[Exercise data]:
◇ ◇ ◇
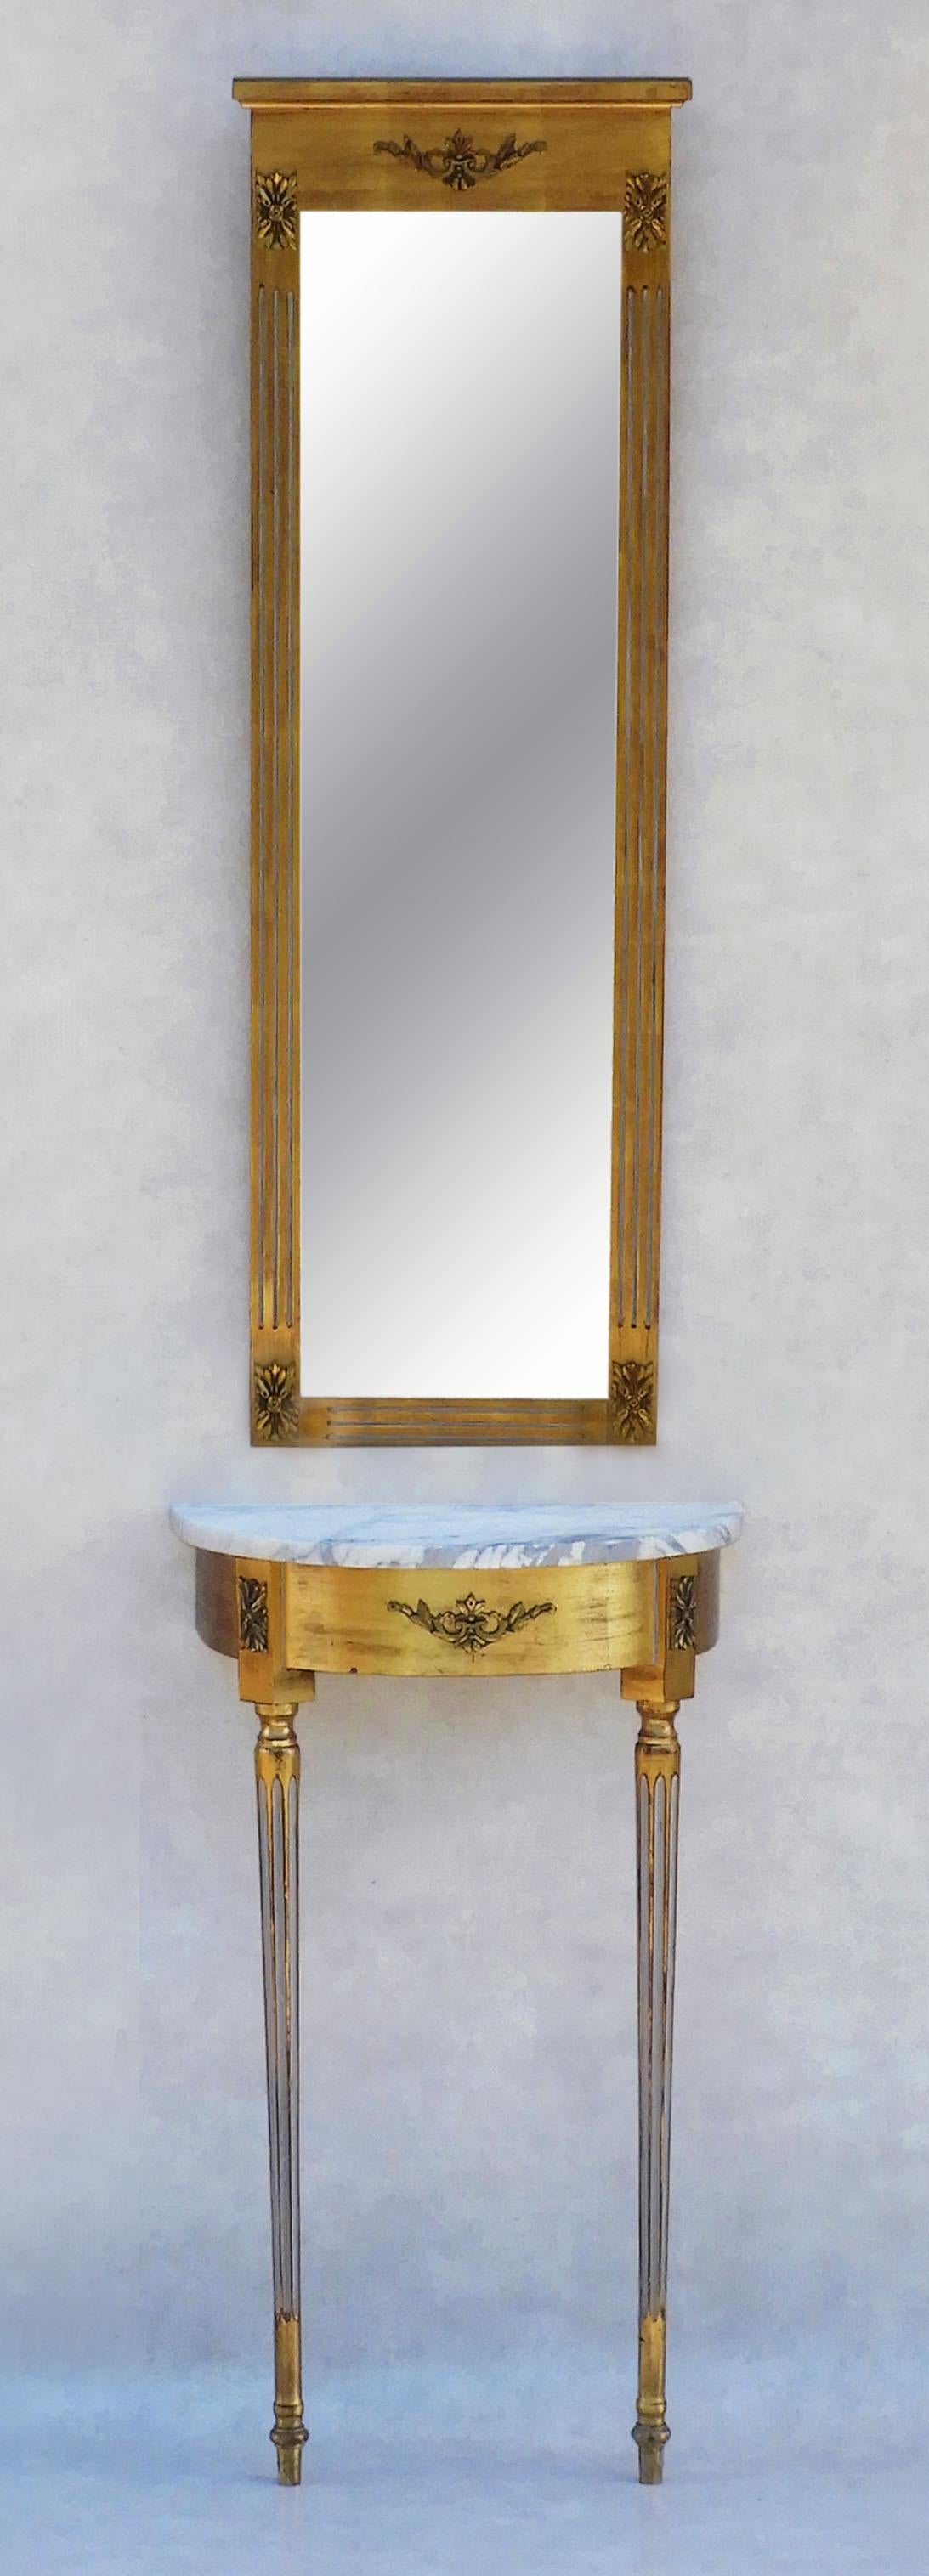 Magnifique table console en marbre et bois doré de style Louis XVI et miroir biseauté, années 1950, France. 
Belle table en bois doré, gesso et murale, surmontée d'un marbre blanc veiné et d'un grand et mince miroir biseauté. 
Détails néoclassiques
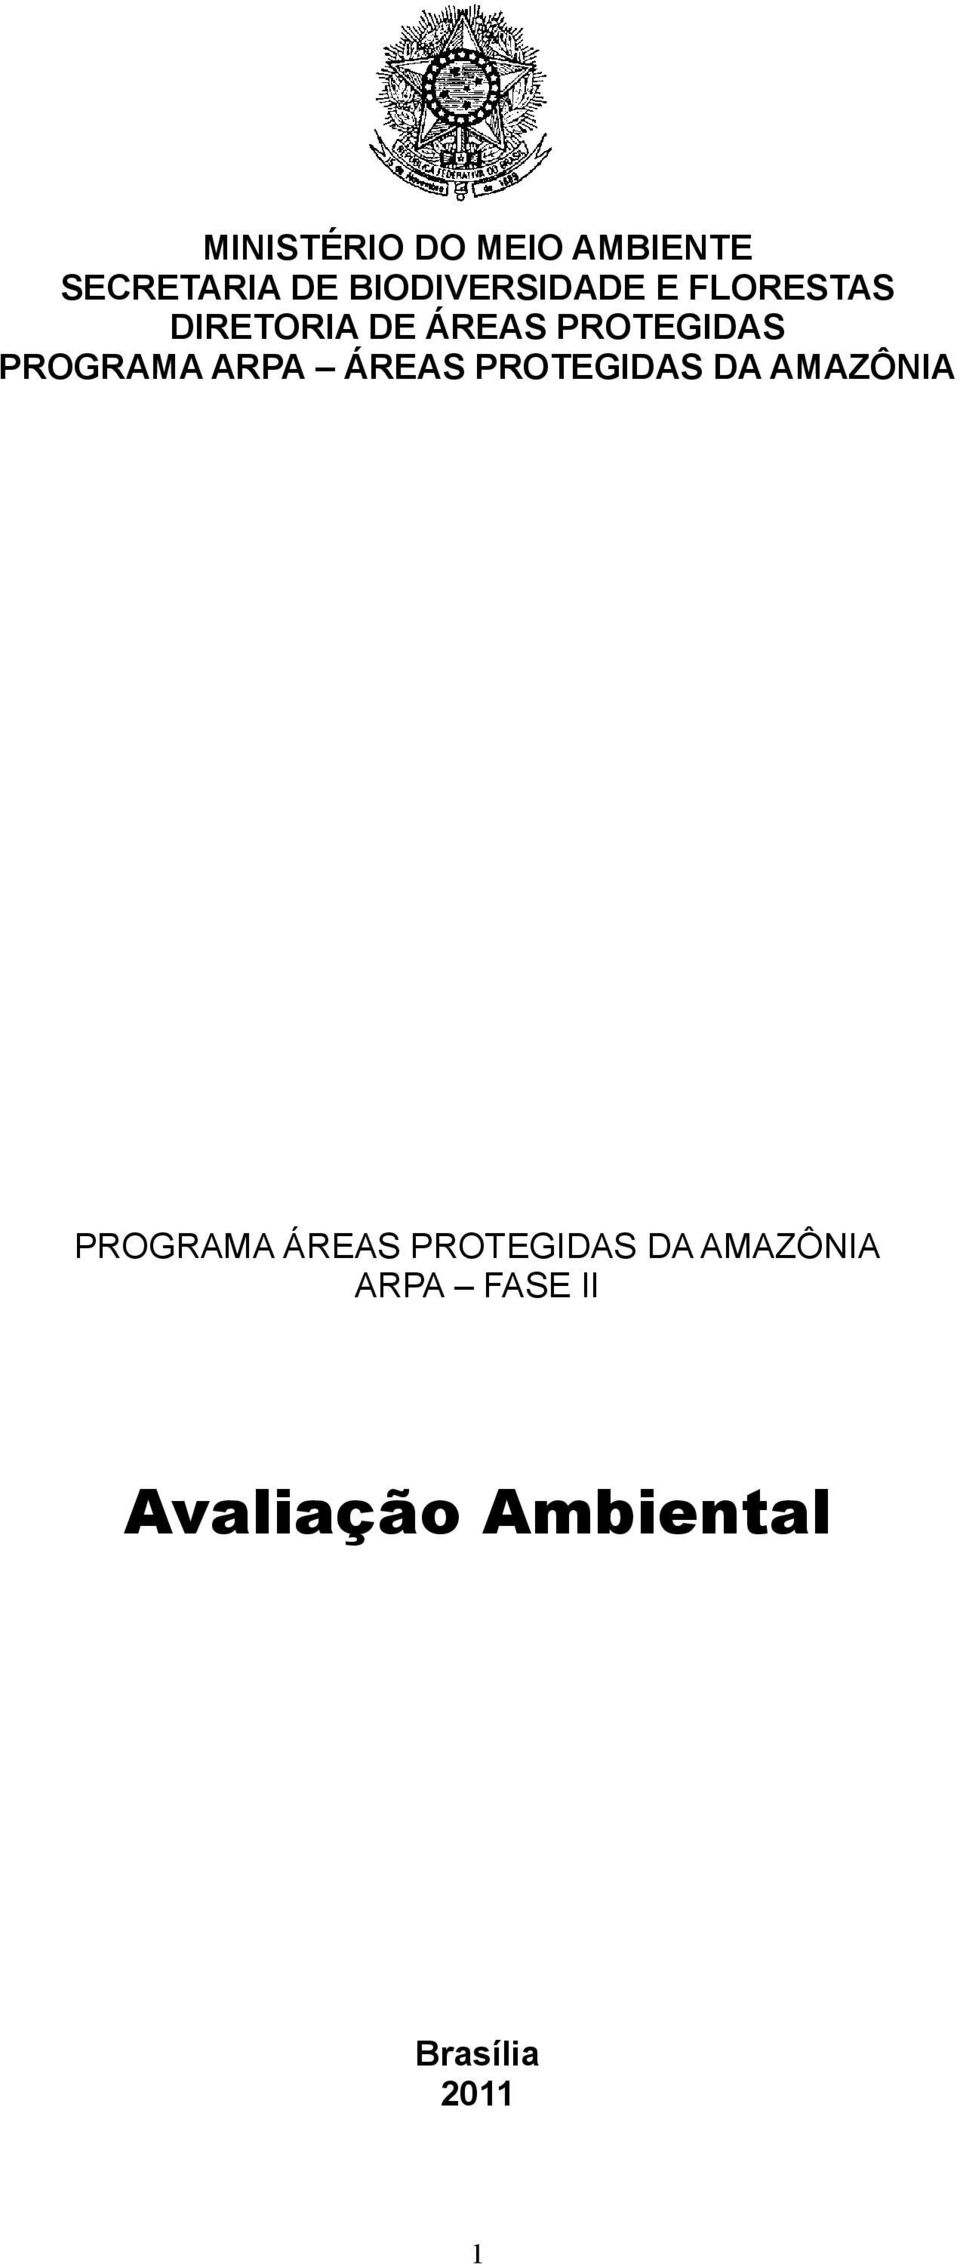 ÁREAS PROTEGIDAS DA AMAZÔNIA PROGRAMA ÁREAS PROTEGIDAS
◇ ◇ ◇
[Exercise]:
Exactly the lines from the one with "Belle table en" to the last line of the listing are wanted, both ends included and pictures excluded.

[Result]:
Belle table en bois doré, gesso et murale, surmontée d'un marbre blanc veiné et d'un grand et mince miroir biseauté. 
Détails néoclassiques
 ÁREAS PROTEGIDAS DA AMAZÔNIA PROGRAMA ÁREAS PROTEGIDAS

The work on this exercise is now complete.